**What to produce:**
Reproduce the listing exactly and skip over any pictures.

**Material provided:**
---

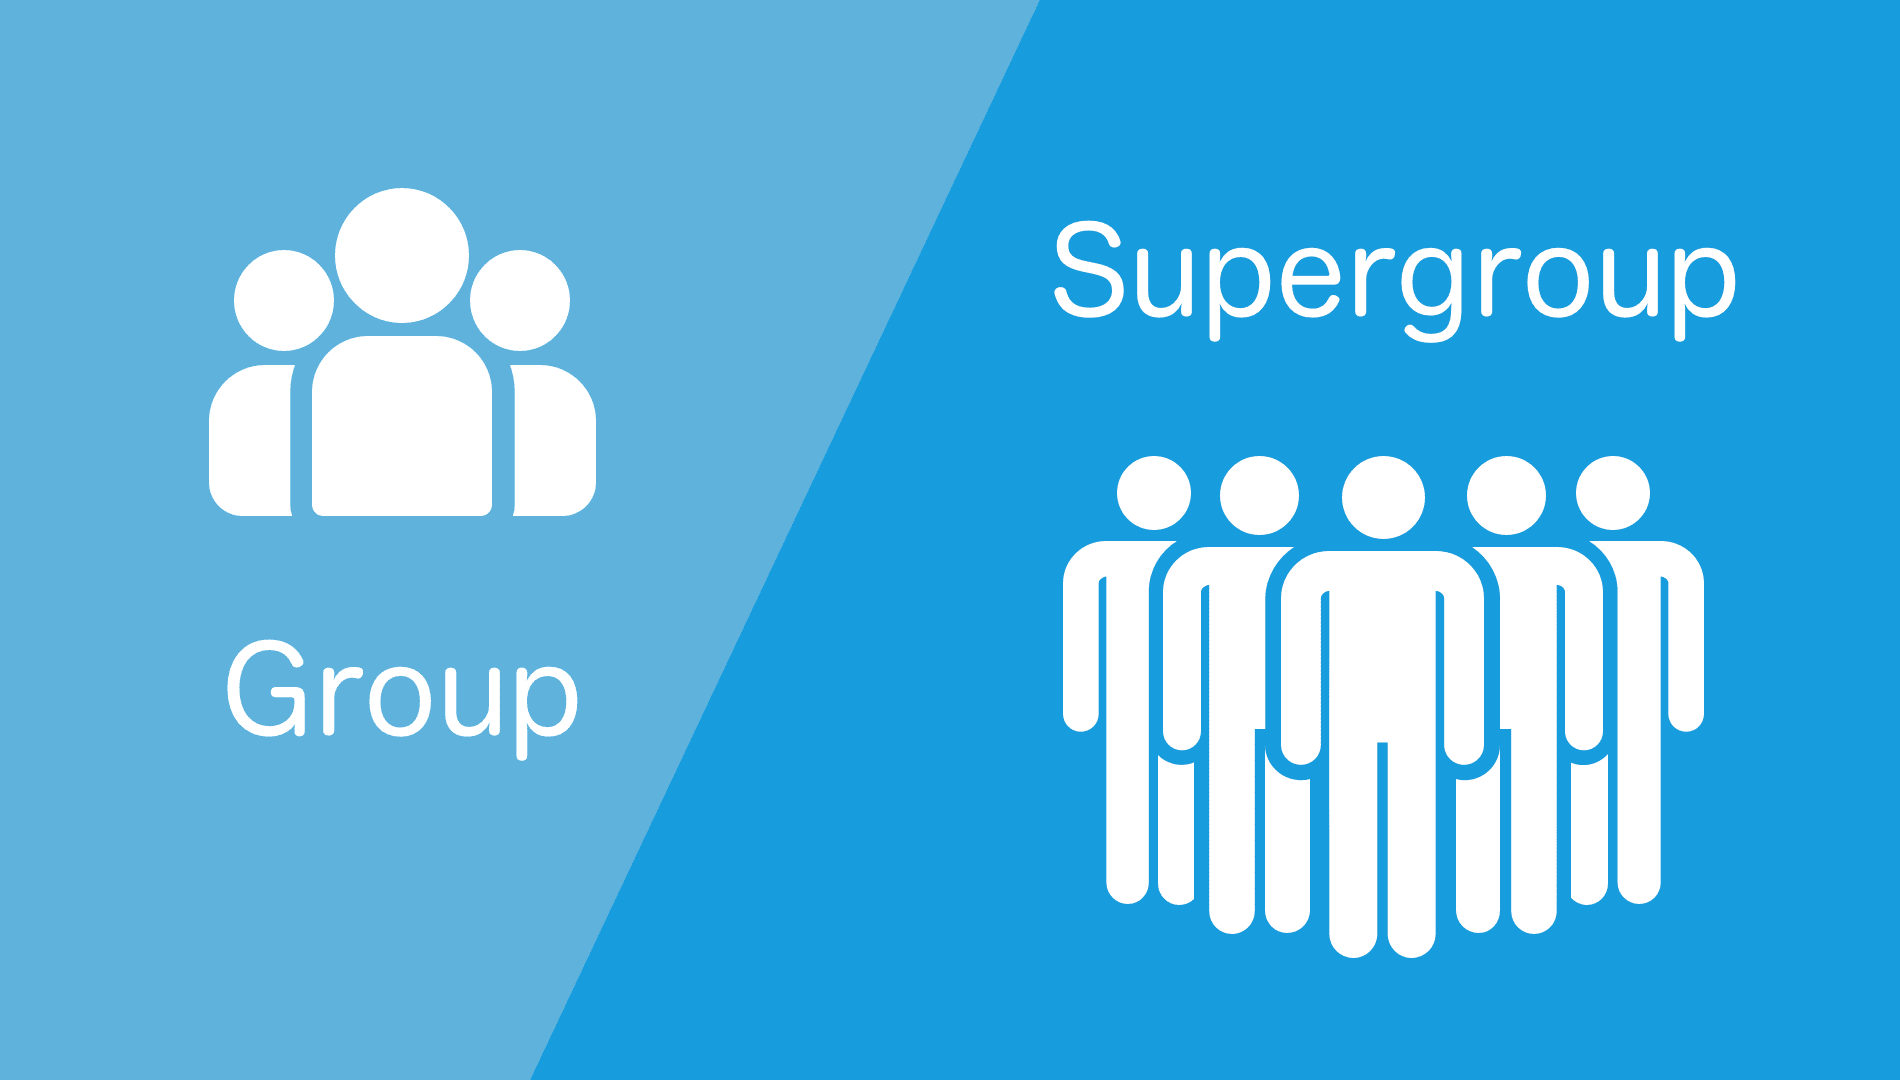 groups vs supergroups
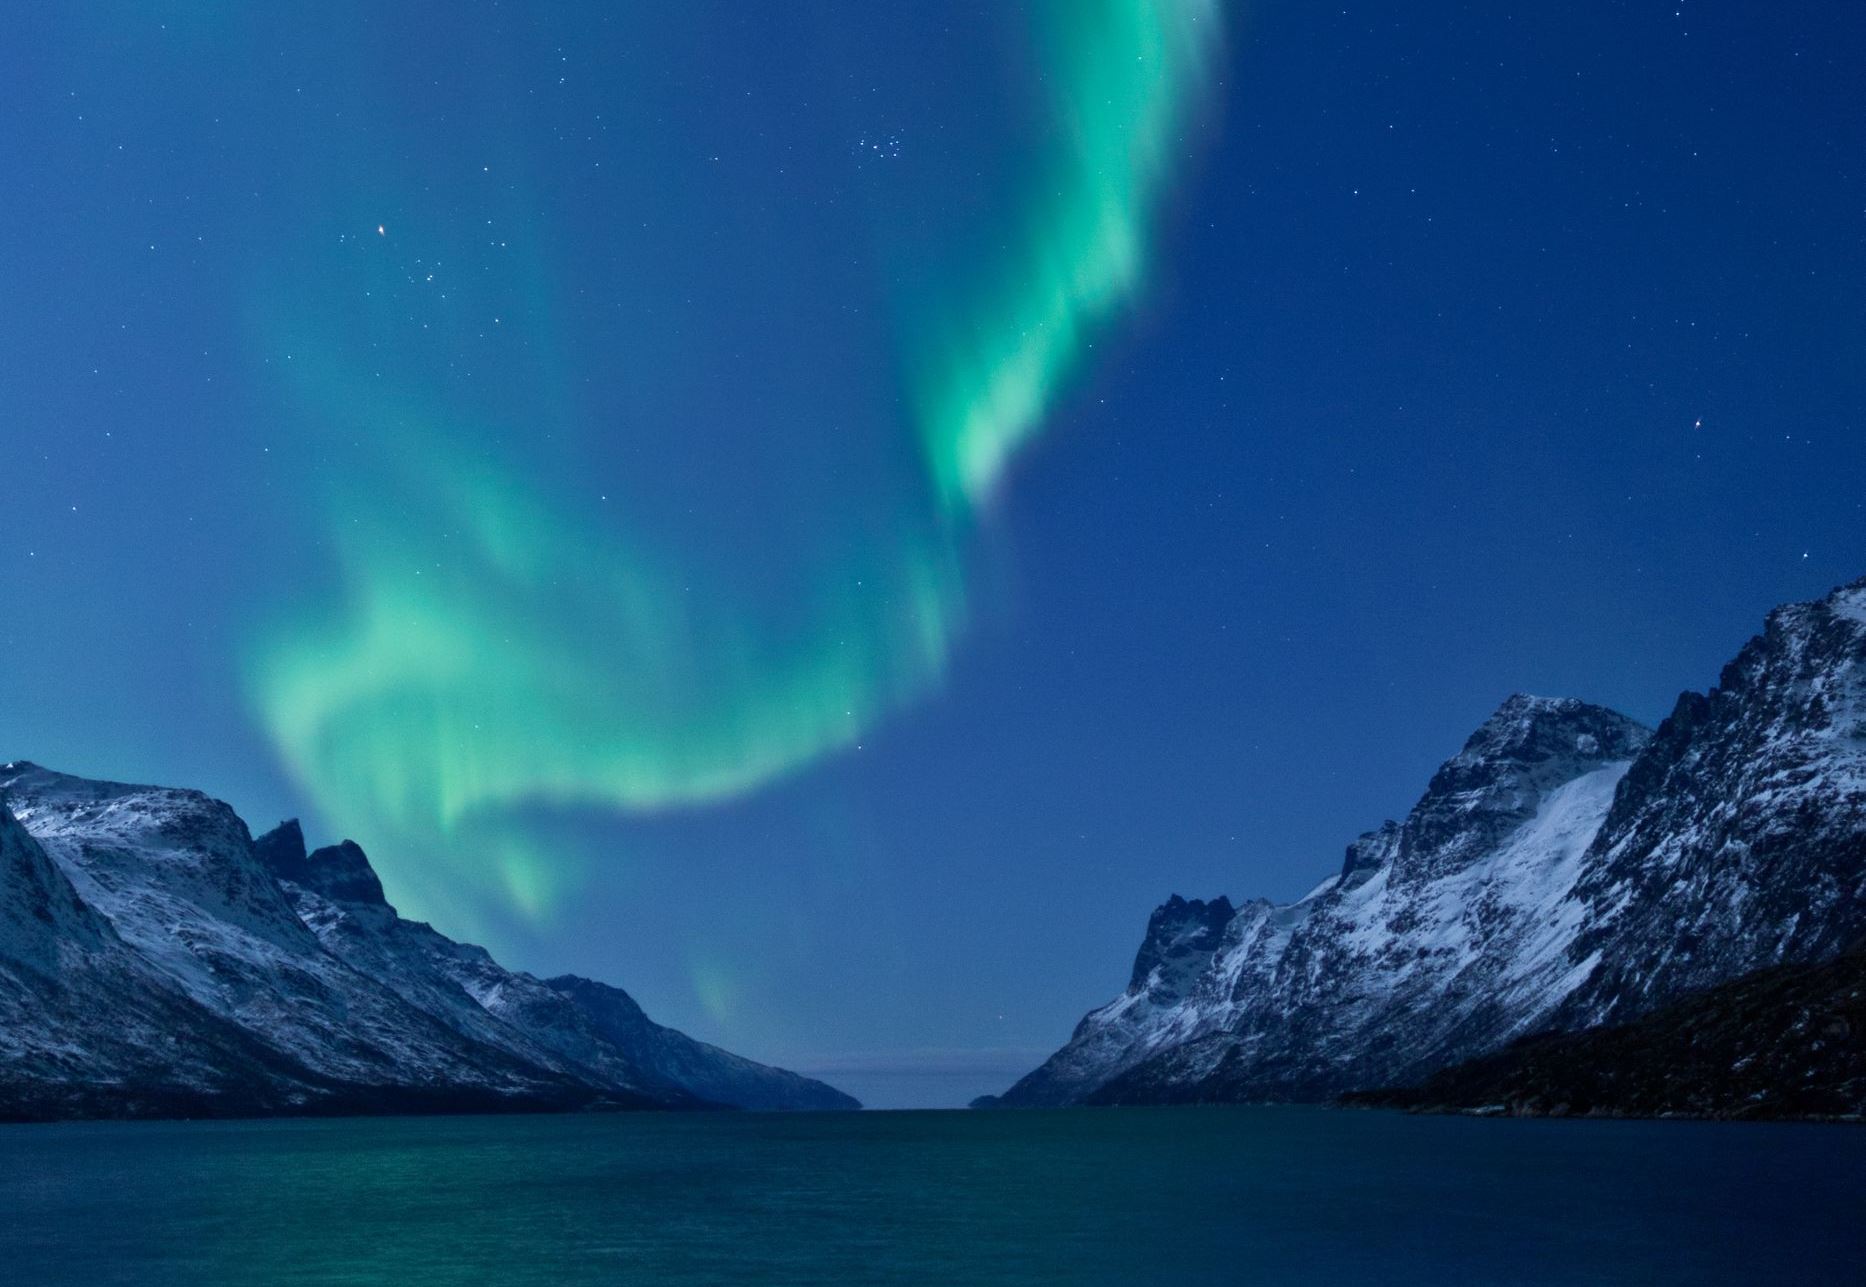 Aurora Borealis seen in Norway
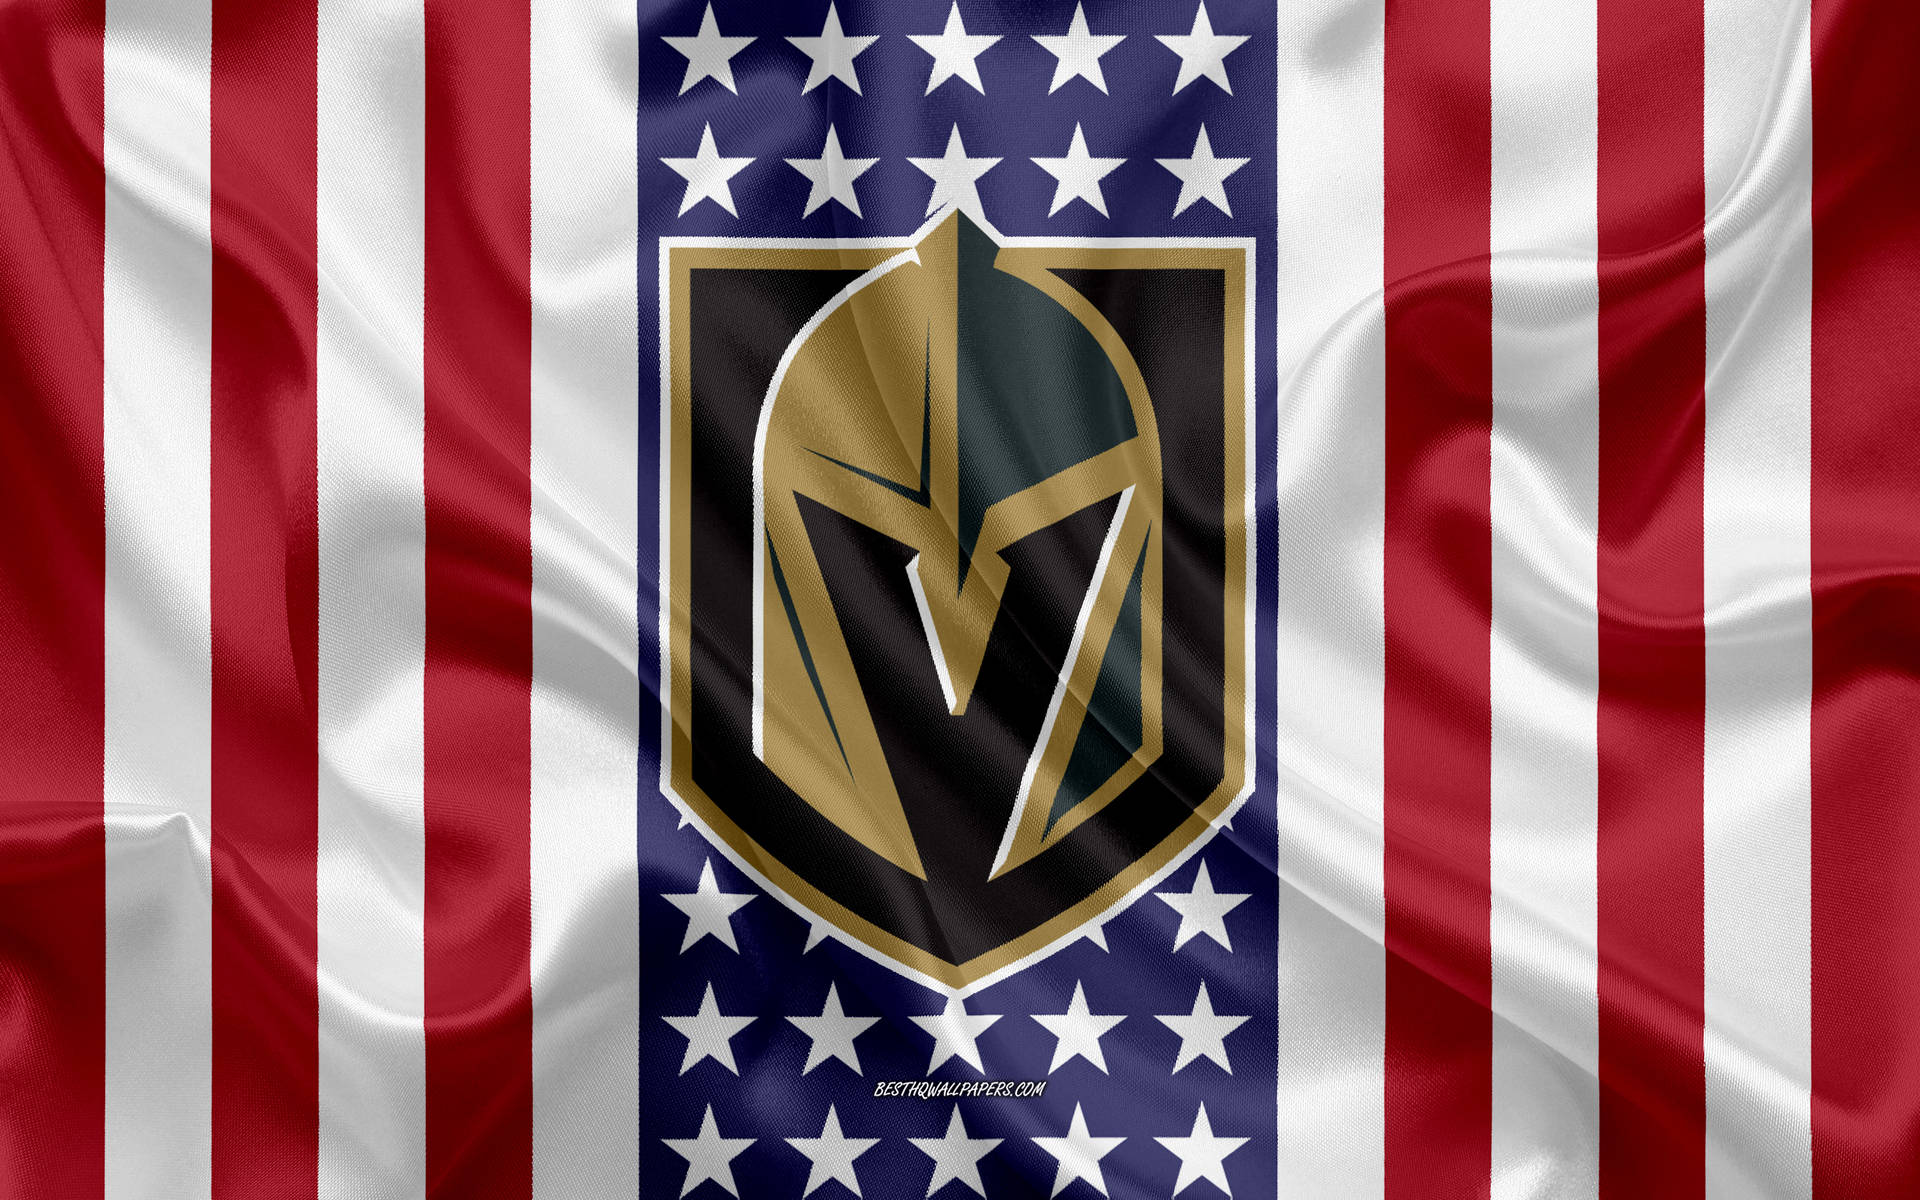 Vegas Golden Knights Emblem On US Flag Wallpaper

---

**Written response:**
 groups vs supergroups
 Aurora Borealis seen in Norway
 Vegas Golden Knights Emblem On US Flag Wallpaper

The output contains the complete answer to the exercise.